Many retirees face a similar challenge once they retire. How much money can they withdraw from their investment accounts for spending without running out of money in retirement?
Nobody wants to run out of money. But what is a safe withdrawal rate? Some people only spend portfolio interest and dividends, leaving the principal intact. Another strategy is to withdraw 4% of the initial retirement balance and adjust the dollar amount annually for inflation. There are both pros and cons for each of these strategies.
There is another idea right under our noses that may have some real benefits. How about using the IRA required minimum distribution rules? Owners of IRA accounts are required to take minimum distributions once they reach the age of 70½ using a formula dictated by the government. The year-end balance of the IRA is divided by a life expectancy factor listed in IRS Publication 590.
The idea is that retirees of any age can use the RMD calculation as a spending guidepost by dividing their total year-end portfolio balance by the life expectancy factor for their age. A recent study indicates that this strategy outperformed both the “spend only interest and dividend” rule and the “4% withdrawal” rule.

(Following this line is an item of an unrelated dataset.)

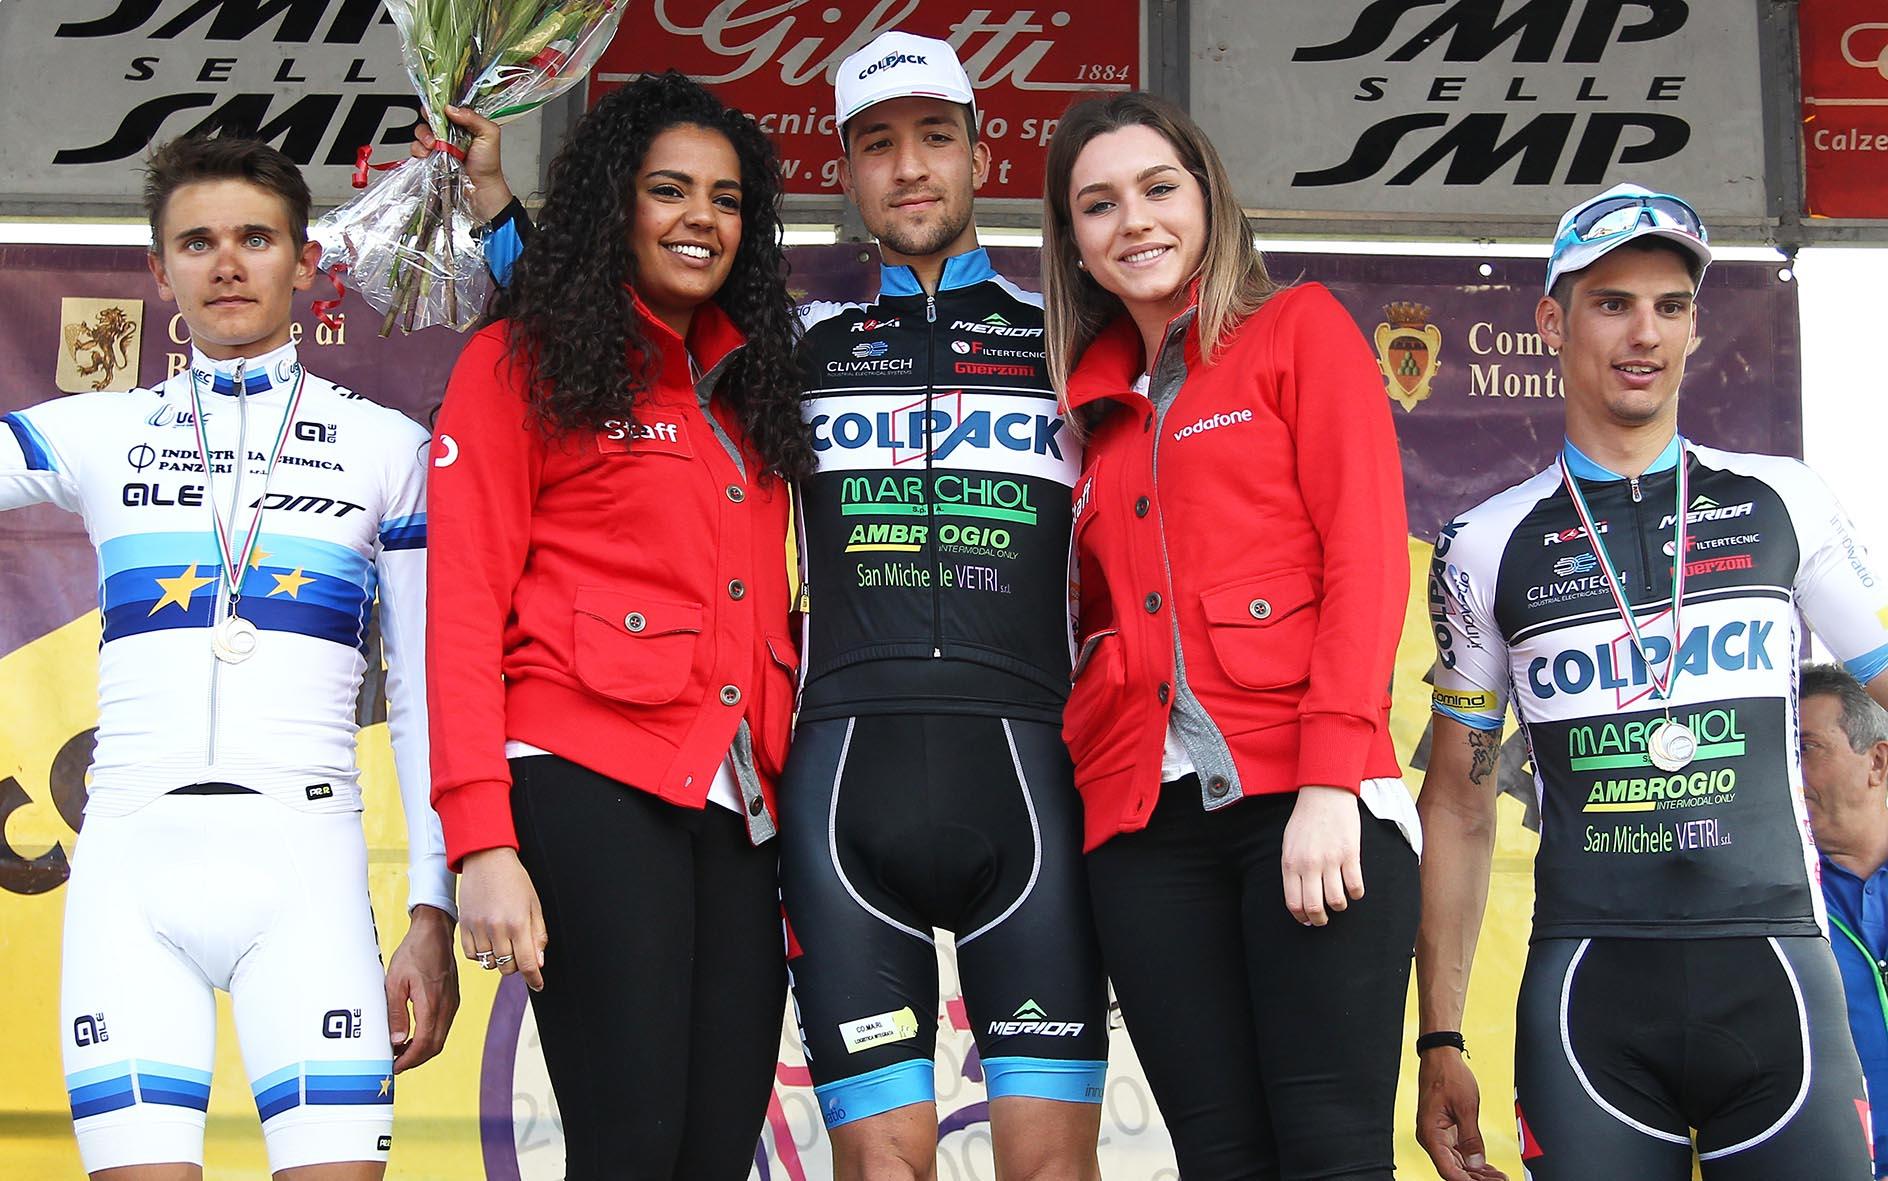 Il podio della 69/a Coppa Comune di Calenzano

Because the RMD rule is calculated as a percentage of the annual year-end portfolio balance, it is responsive to changes in portfolio returns. And because the withdrawal percentage increases with age, it allows retirees to use more of their portfolio each year as their life expectancy decreases.
No simple rule of thumb works for everyone. It may be best to have an independent professional prepare a detailed analysis to take into account of your investment allocation, your age, and your family history of longevity.